Taxation ranks among the most important considerations when investing in securities and commodities. State governments and the Internal Revenue Service (IRS) levy a variety of taxes against investments, including the taxation of money earned by selling shares such as those held in a mutual fund. The amount of taxes you pay when selling mutual-fund shares depends mostly upon the profit made from the shares and how long you owned them.

Capital Gains

Capital gains constitute any money earned from the sale of an asset. According to the IRS, assets include anything of value that a person owns, from furniture and computers to securities such as mutual-fund shares. Two types of capital gains exist, long-term capital gains and short-term capital gains. Short-term capital gains comprise any profit made on an asset owned for less than one year. Long-term capital gains comprise profits made on assets owned for one year or more. Capital gains constitute profit. For instance, if you purchased a share for $15 and sell it for $20, your capital gain is $5.

Capital-Gains Taxes

States and the federal government tax capital gains. As a general rule, states that impose income taxes tax long-term and short-term capital gains at the same rate as the rest of your income. The federal government calculates your net capital-gain income by subtracting all short-term capital losses and long-term losses carried over from the previous year from your long-term gains. The IRS taxes this amount at a lower rate than the rest of your income. The standard capital-gains tax stands at 15 percent in 2011 but changes based on your total income. Short-term capital gains qualify as standard income for federal-tax purposes.

Capital Losses

Capital losses occur when you lose money on the sale of an asset. For instance, assume you purchase 100 mutual-fund shares at $25 each, for a total cost of $2500. Due to a decline in mutual-fund value, you sell those shares for $15 each, taking in $1,500. You incur a capital loss of $1,000 ($2,500-$1,500) in this instance. If your capital losses exceed your capital gains, you can deduct losses from your taxes. As of 2011, individuals may deduct $1,500 in capital losses and couples filing jointly may deduct $3,000.

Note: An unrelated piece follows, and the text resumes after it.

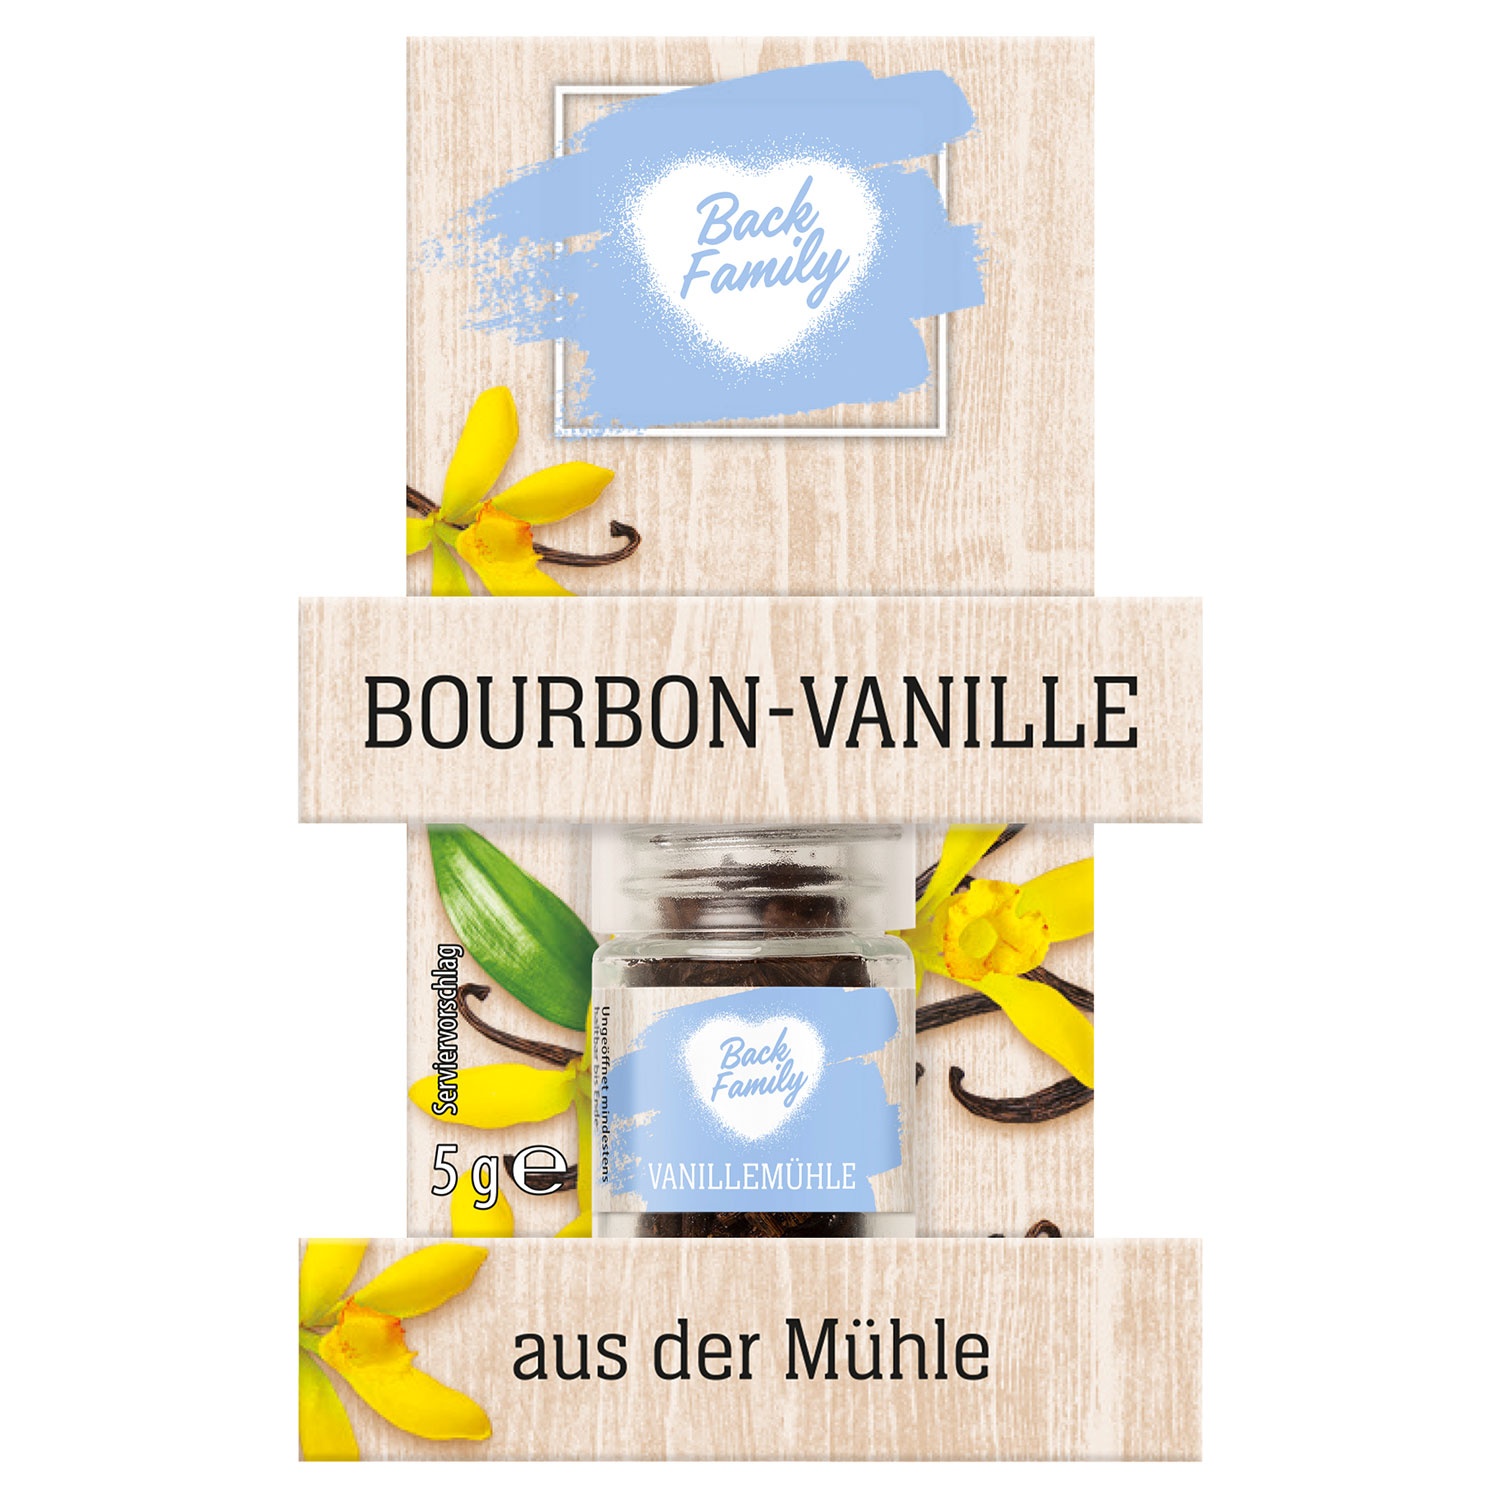 BACK FAMILY Bourbon-Vanille-Mühle 5 g

Other Taxes Associated with Mutual Funds

Investing in mutual funds leaves you susceptible to a variety of tax types beyond capital-gains taxes levied against the sale of mutual-fund shares. By federal law, mutual funds must pay out 98 percent of their annual profits in order to remain tax-free. Because of this, mutual funds regularly pay dividends and disbursements to investors. Standard income-tax rates apply to dividends earned through mutual-fund investments, while disbursements constitute a form of capital gains.